Hi!
I’m solving this problem from ‘Logic’ and I don’t know how to proceed further. I am unable to use IHl’. Here is my attempt:
If there is a more efficient way to approach this problem, please let me know. Thanks!
When you have a hypothesis IHl' that’s an implication and another hypothesis HB that matches the premises of IHl', you can apply IHl' to HB by apply IHl' in HB, or specialize (IHl' HB) (which is more robust if IHl' has more than one premises).
Note also that by using exists x in both branches after intros [HA|HB], you’re basically claiming that In y (map f (x :: l')) -> f x = y /\ In x (x :: l'). Can you see how that’s quite different from the original goal?
Thanks so much for replying!
I could understand the apply IHl' in HB part, but could not understand the point you made in the second paragraph. How is it In y (map f(x :: l')) and not In y (map f l')?
You have the goal
In y (map f l) -> exists x, f x = y /\ In x l
The tactic induction l as [|x l' IHl'] destructs l and, in the second subgoal, replaces l with (x :: l'). To avoid the name collision with exists x, that gets renamed to exists x0.
In y (map f (x :: l')) -> exists x0, f x0 = y /\ In x0 (x :: l')

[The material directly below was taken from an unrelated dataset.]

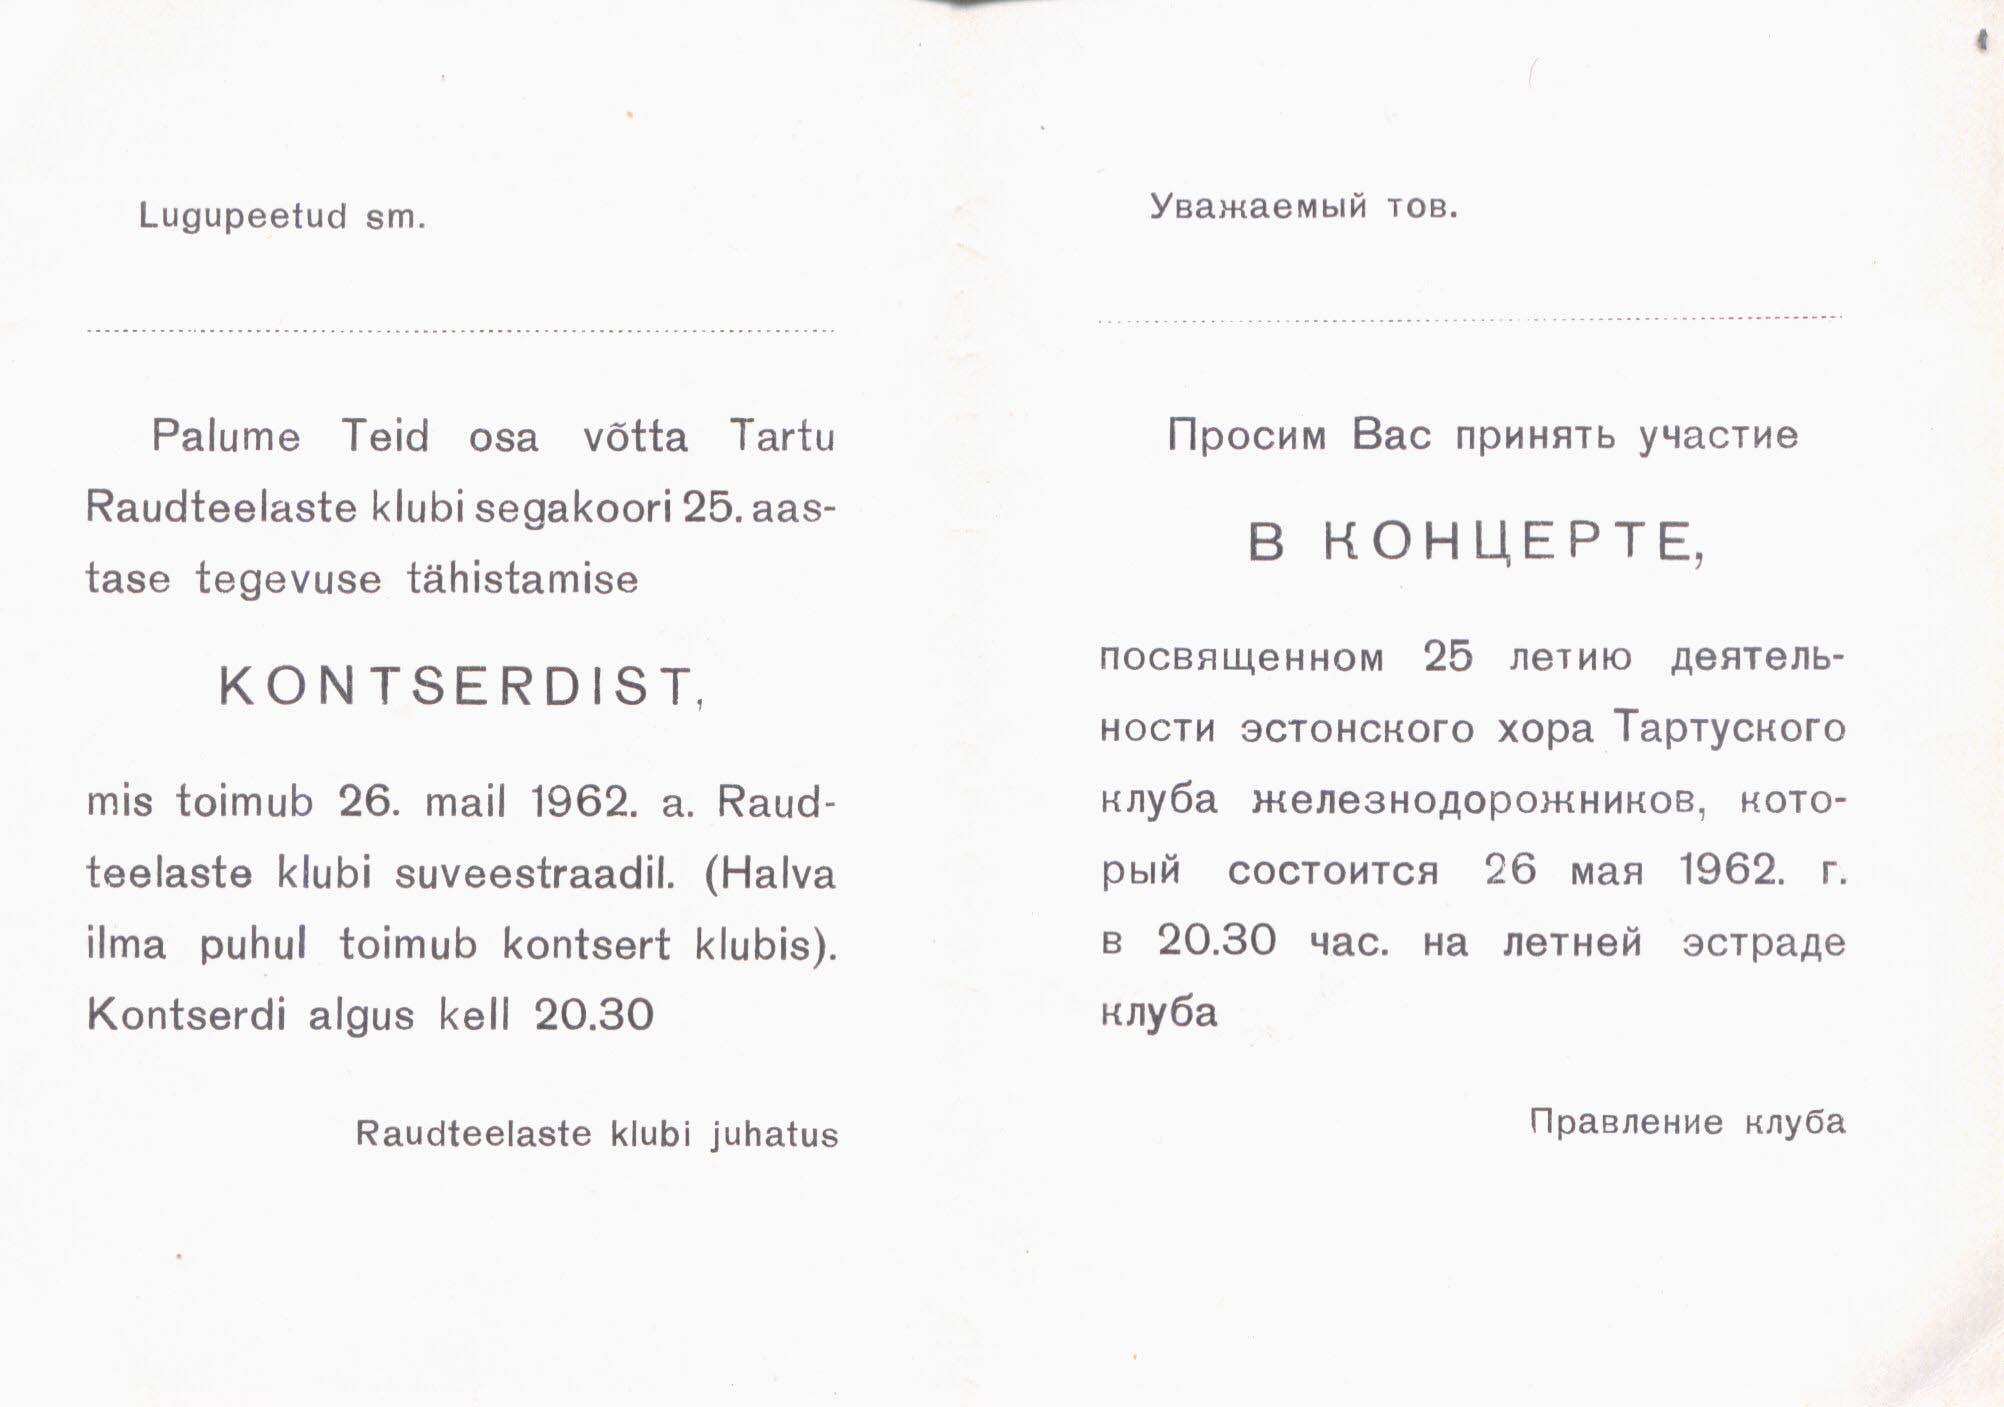 Tartu raudteelaste klubi tegevus. Kutse segakoori 25. aastase tegevuse tähistamise kontserdile. 1962

Then the tactic intros [HA|HB] destructs the hypothesis In y (map f (x :: l')), and in both cases you instantiate the existential quantifier with exists x. The result of that instantiation is the same as if, from the previous goal, you removed the exists x0 quantifier and replace other occurrences of x0 with x:
In y (map f (x :: l')) -> f x = y /\ In x (x :: l')